É claro que de vez em quando ainda vou para um bar ou uma balada e bebo. Mas reservo isso para ocasiões especiais e dificilmente bebo o tanto que eu bebia quando era mais novo.

Ah! Outra coisa que eu nunca fui de fazer, mas muita gente faz, é comprar bebida cara para impressionar os outros. É desperdício em dobro!

6. Coisas para impressionar

Aproveitando o que a gente estava falando, pare e reflita honestamente o tanto de coisas que você tem que não é genuinamente algo que de fato queria ou precisava, mas acabou comprando só porque é legal que os outros vejam que você tem.

Não precisa responder agora, vai pensando sobre isso nos próximos dias e se quiser, comente aqui o seu exemplo, que pode ajudar muita gente.

Eu mesmo posso dar vários exemplos:

  • Comprar o Applewatch, que é o relógio mais caro, só porque ele é quadradinho e todo mundo sabe que é caro só de "bater o olho";
  • A camiseta com a logomarca que todo mundo conhece;
  • O carro mais desejado, mesmo que você tenha que pagar o financiamento em mais de 50 parcelas;
  • Comprar a bebida importada ou ir ao bar caro da sua cidade só para tirar uma foto e postar no Instagram e todo mundo saber que você tinha dinheiro para estar lá.

Não é nenhum pecado comprar nada disso. Mas eu comecei a refletir o quanto eu gastava meu dinheiro para parecer rico para os outros, enquanto eu ficava cada vez mais pobre. E mudei!

7. Esvaziar o guarda-roupas

Essa não é exatamente uma dica de alguma coisa que parei de comprar, mas reflete em todos os hábitos que comentei até aqui.

Houve um dia que me deu um "estalo" e resolvi me livrar de tudo o que eu realmente não usava mais.

Comecei pelo meu guarda-roupas, separei todas as roupas que eu raramente usava e doei tudo. Dias depois, repeti o processo e encontrei ainda mais coisas que não tinha conseguido me desprender na primeira vez.

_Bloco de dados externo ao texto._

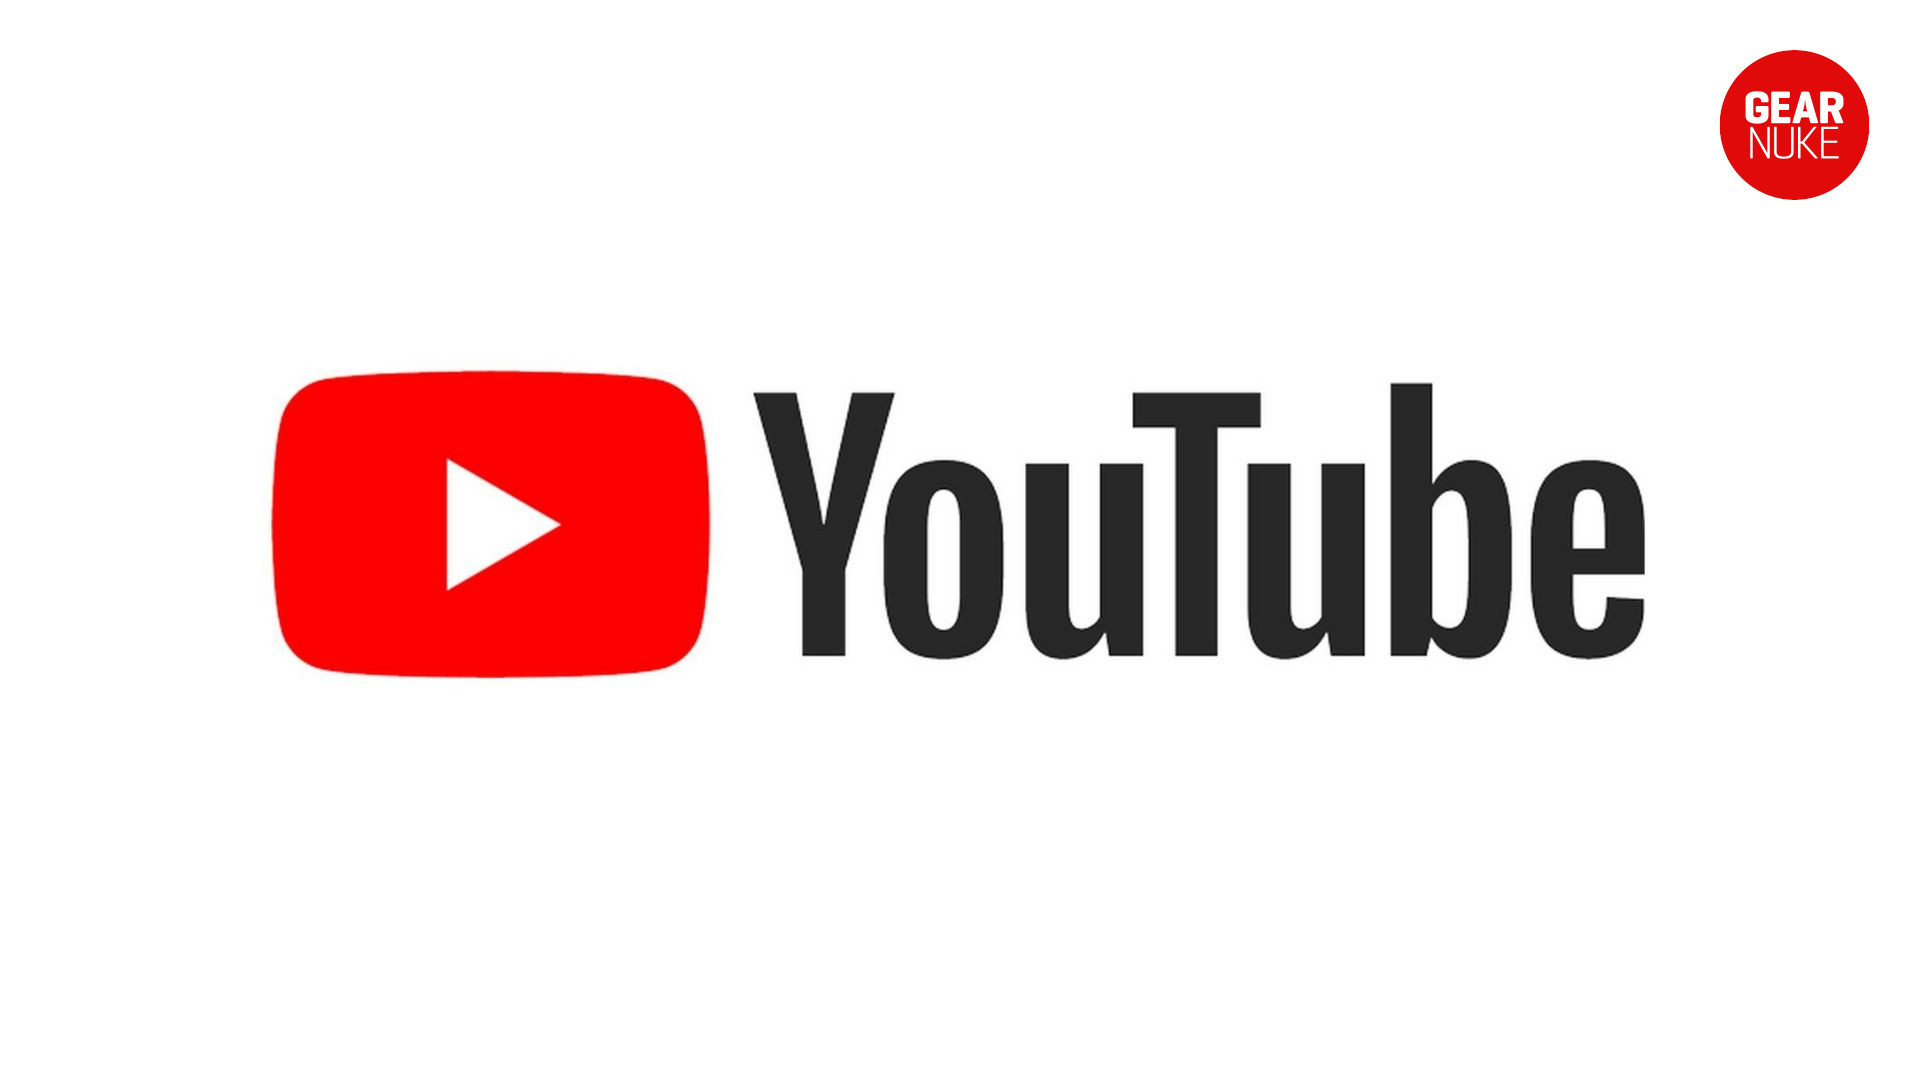 youtube basic logo image

Se parar para pensar, você pode ter dez pares de sapato e 20 camisetas, mas acaba usando os mesmos dois tênis de sempre e as quatro ou cinco camisetas que mais gosta.

E fui fazendo isso para a minha casa inteira. Passando por eletrodomésticos que não usava, livros que nunca li e coisas que nem eram minhas, mas havia pegado emprestado (essas, devolvi para os donos; não as doei).

Resumo da história: agora, sei exatamente tudo o que tenho, pois são justamente as coisas que uso, e sei quando preciso de uma camiseta nova porque uma velha já não dá mais para usar.

Não existe mais a situação de eu passar em frente a uma loja e acabar comprando uma roupa por imaginar que precise de uma. Agora, eu tenho controle do que eu preciso porque sei tudo o que possuo e a hora de comprar coisa nova.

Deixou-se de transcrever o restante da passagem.